START Material provided
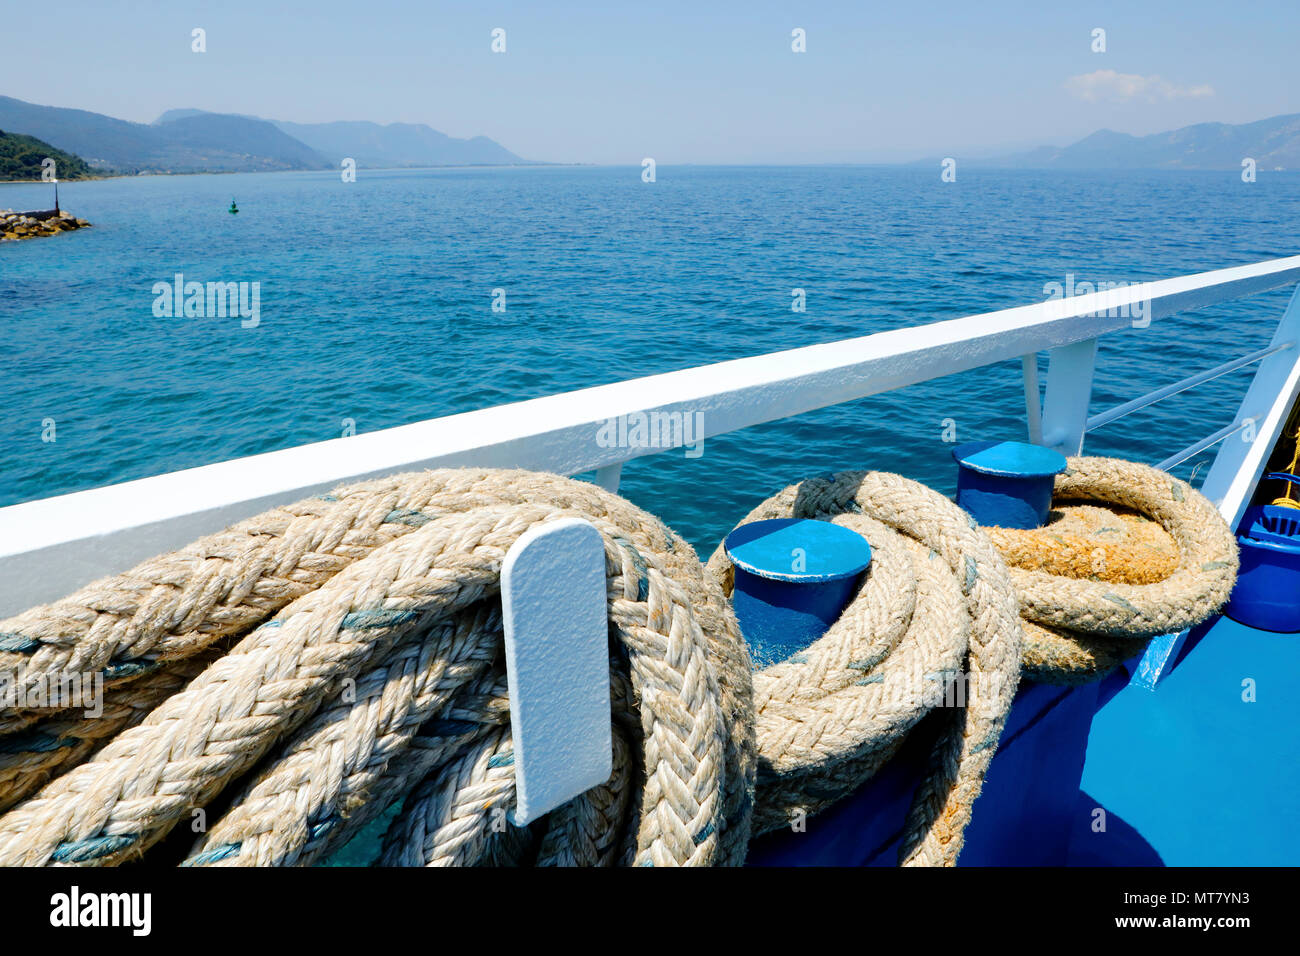 Viaggiare per mare. Vicino la fune di ancoraggio in corrispondenza di ferry boat deck e bellissima vista del mare con le montagne sullo sfondo a giornata di sole. Foto Stock
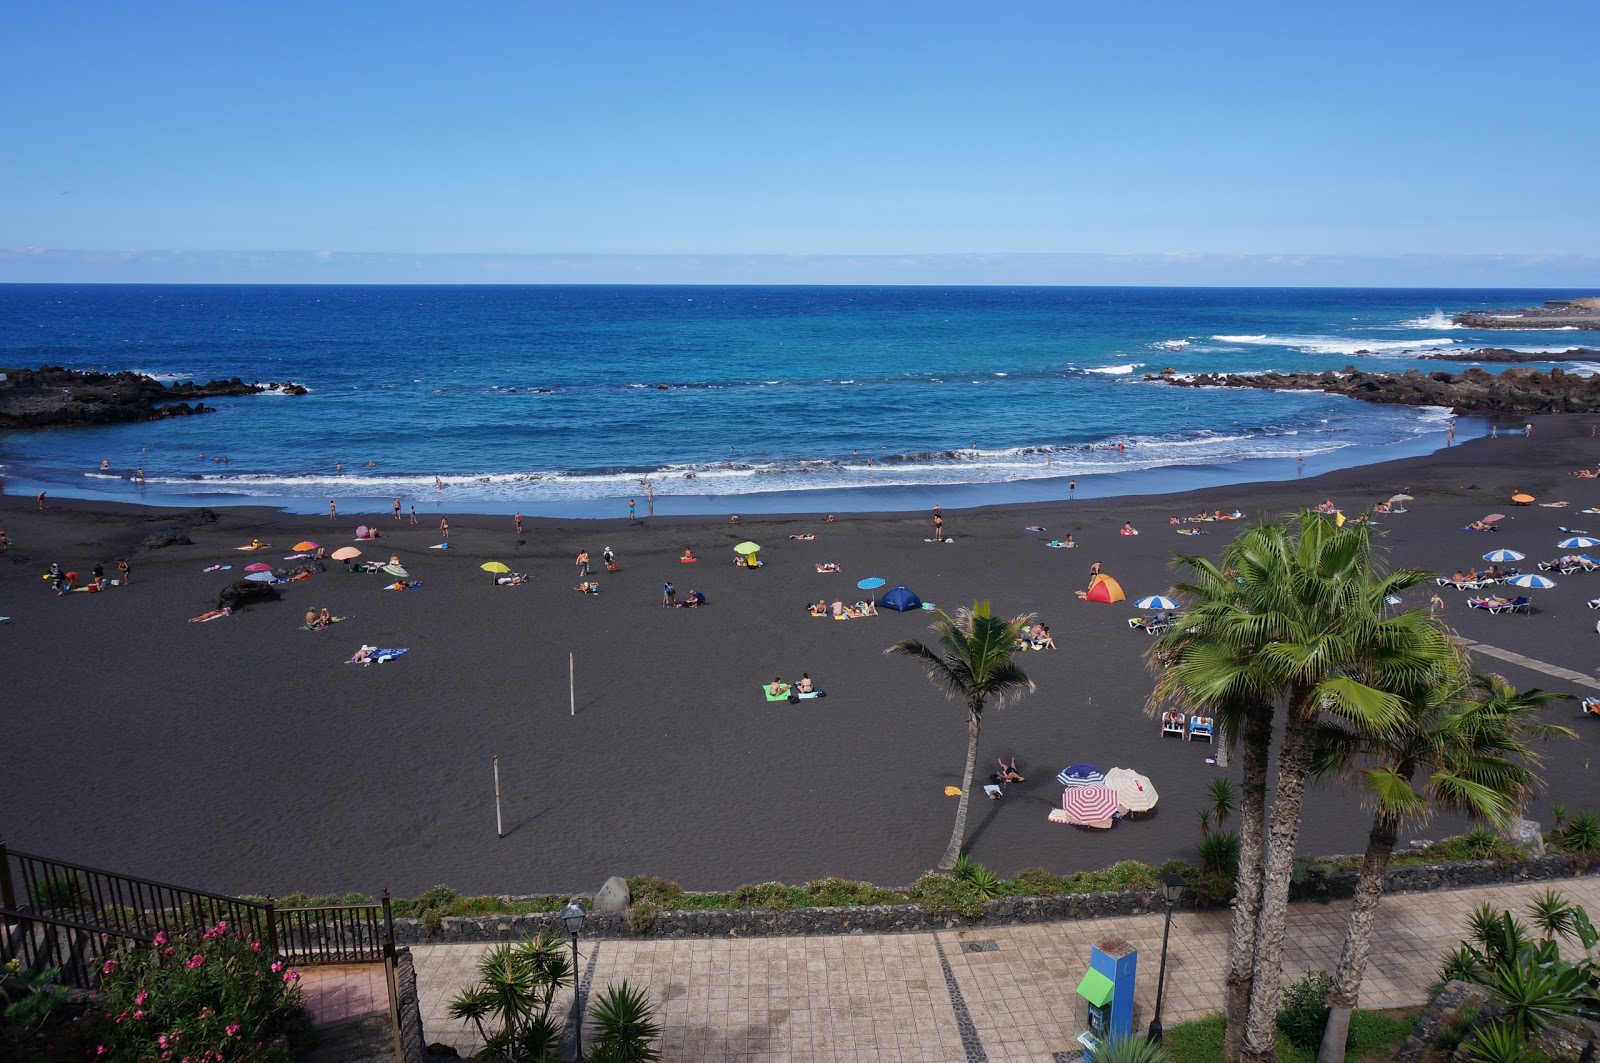 Fotografija Plaža pri gradu (Vrt plaža) z siv fini pesek površino
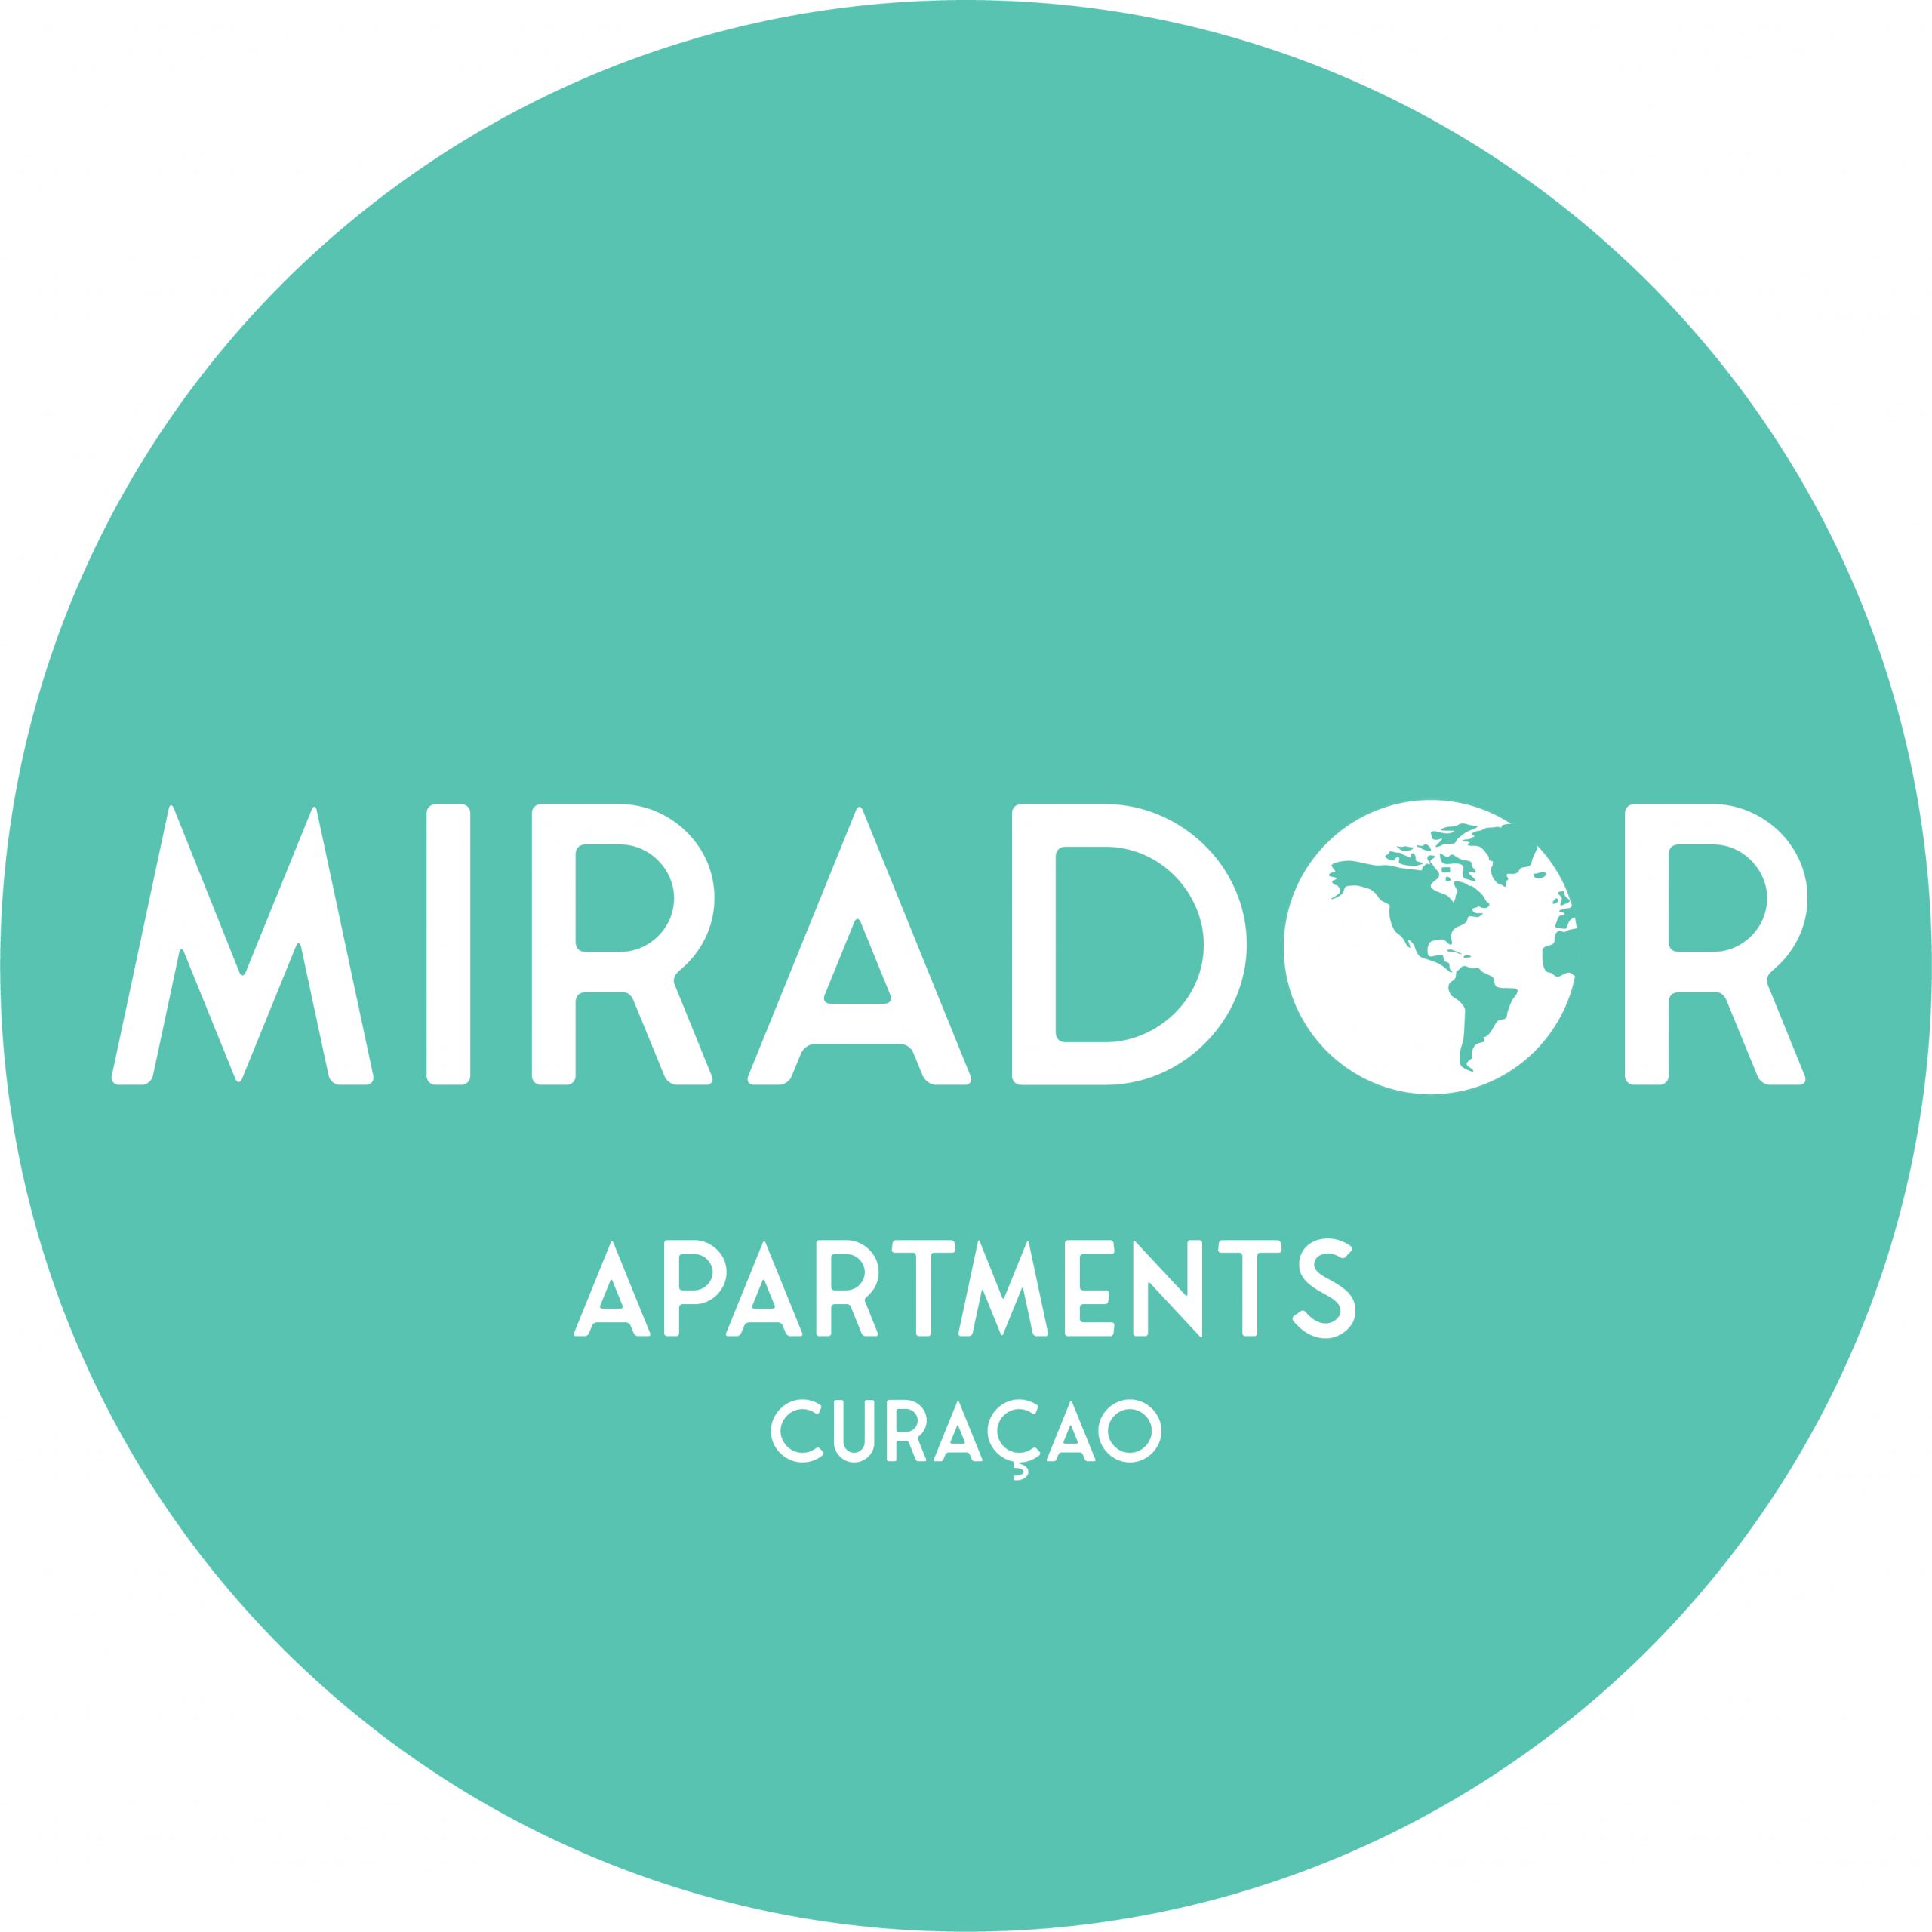 Mirador apartments
END Material provided
*What is needed*
Without changing a word, transcribe all of the data and omit its images.

*Written solution*
 Viaggiare per mare. Vicino la fune di ancoraggio in corrispondenza di ferry boat deck e bellissima vista del mare con le montagne sullo sfondo a giornata di sole. Foto Stock
 Fotografija Plaža pri gradu (Vrt plaža) z siv fini pesek površino
 Mirador apartments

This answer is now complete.